Before filming began, Cobban spent five weeks researching and interviewing in Bombay and Nepal. The small country of Nepal is the main source of young women who become prostitutes in Bombay. Many are either kidnapped by procurers, or sold by their families under the pretense of traveling to the city for a good job. Once there they are usually beaten, starved, and forced to become prostitutes. Contracting AIDS is a constant threat. After 10 years or so they are abandoned.

"Men in Bombay find the young women from Nepal to be rather exotic," says Cobban, explaining the historical context of the problem, "and for many years young women from villages were supplied to the courts of nobility in Nepal, and this was the main source of income for the villages."

In the film, using a hidden camera, Cobban records the father of a 14-year-old Nepalese girl selling her for $50. Smiling and shy, the girl thinks she is going to Bombay for a legitimate job. (Cobban says the girl was rescued after filming and is now in a boarding school in Nepal.)

In Bombay, Ruchira Gupta, an investigative journalist with political contacts, helped Cobban gain access to the brothels. "It was very tense," he says. "Each night there was a whole new bunch of faces saying, 'Nobody told us you could be here.' We befriended anybody, thinking of all kinds of excuses to turn the camera on, and just fighting to stay there and talk to the women."

In the film, Cobban accompanies Vinod Gupta, an activist defying the police and madams, as he and his associates raid a brothel. A young girl has managed to smuggle a letter out begging to be rescued. While the police stand by, Mr. Gupta and his men break down doors and free the girls who have not set foot on the street in front of the brothel in four years.

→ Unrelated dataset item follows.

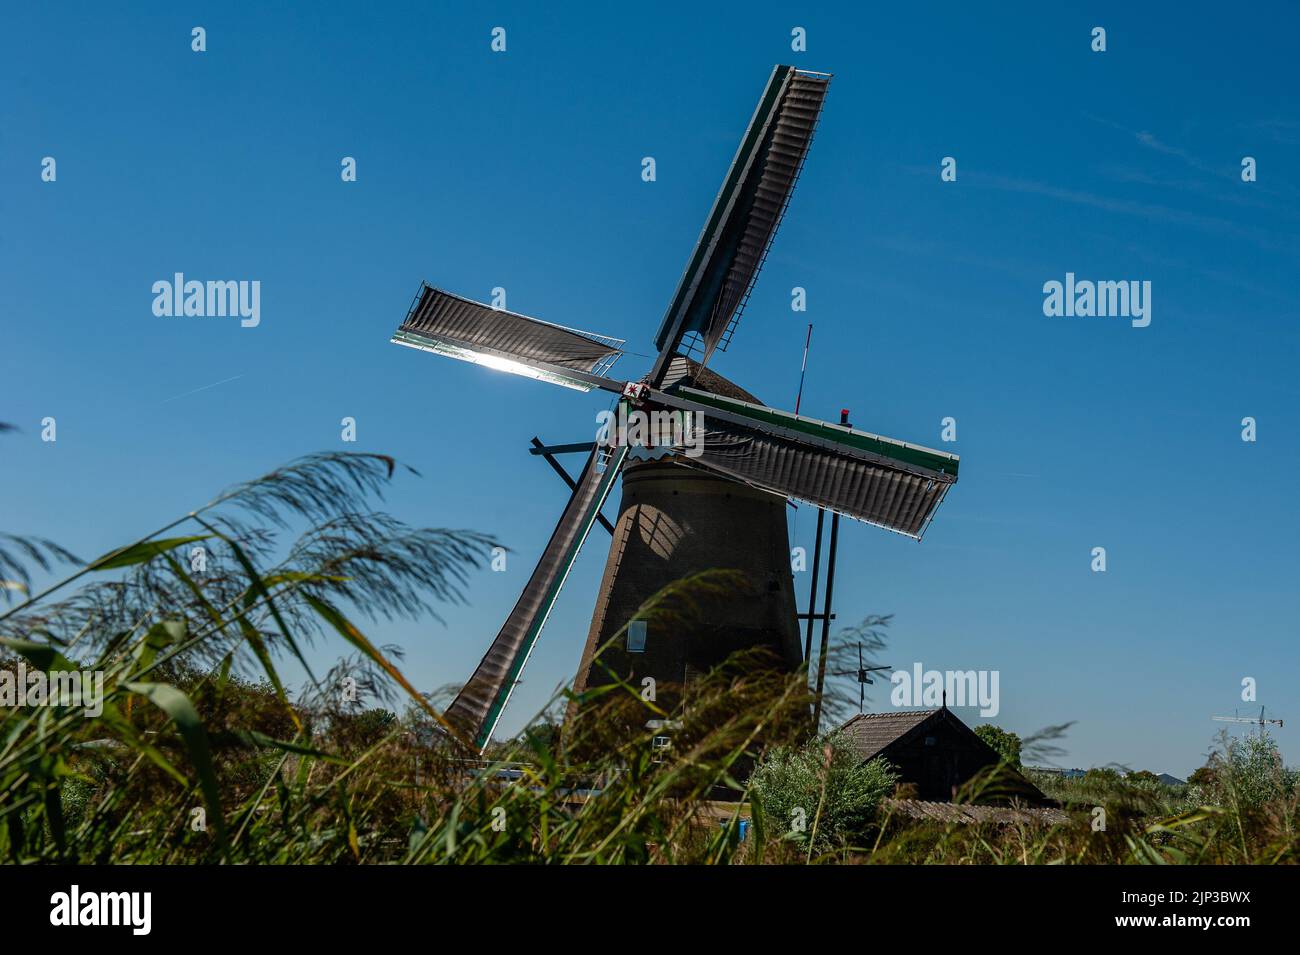 Kinderdijk, pays-Bas. 13th août 2022. Un moulin à vent est vu travailler avec le vent un jour très chaud. Dans la belle région riche en eau près de Dordrecht, vous trouverez les moulins à vent de Kinderdijk. Construits vers 1740, ces 19 magnifiques moulins à vent font partie d'un plus grand système de gestion de l'eau pour éviter les inondations. Aujourd'hui, ils symbolisent la gestion de l'eau aux pays-Bas et, en 1997, ils ont été déclarés site du patrimoine mondial de l'UNESCO. Chaque année, des milliers de touristes du monde entier visitent ce lieu emblématique. Crédit : SOPA Images Limited/Alamy Live News Banque D'Images

"Vinod told me that if nobody is doing anything to save the girls, he will," says Cobban. "He has been beaten several times, and can't go into the area anymore."

A few girls who manage to escape are returned to Nepal and sheltered at Maiti Nepal, a home for girls founded by Anuradha Korirala in l992.

"She operates on a shoestring," says Cobban, "but has received a lot of publicity." Some nongovernmental agencies in Nepal are critical of Ms. Korirala, charging her with allowing the Western press to take photos of 10-year-old girls who have been raped.

"Part of the solution is relatively inexpensive," says Cobban, "and that is education such as the women-awareness rally seen at a Nepal village near the end of the film.

"Some little theater groups have gone to the villages and put on skits," he says. "They tell the girls, 'If you see a train, run,' because they are taken by train from Nepal to Bombay. Or, 'if you can't see the mountains, you've gone too far,' because if they are on the plain they are away from Nepal.

"The girls are duped and conned all the time."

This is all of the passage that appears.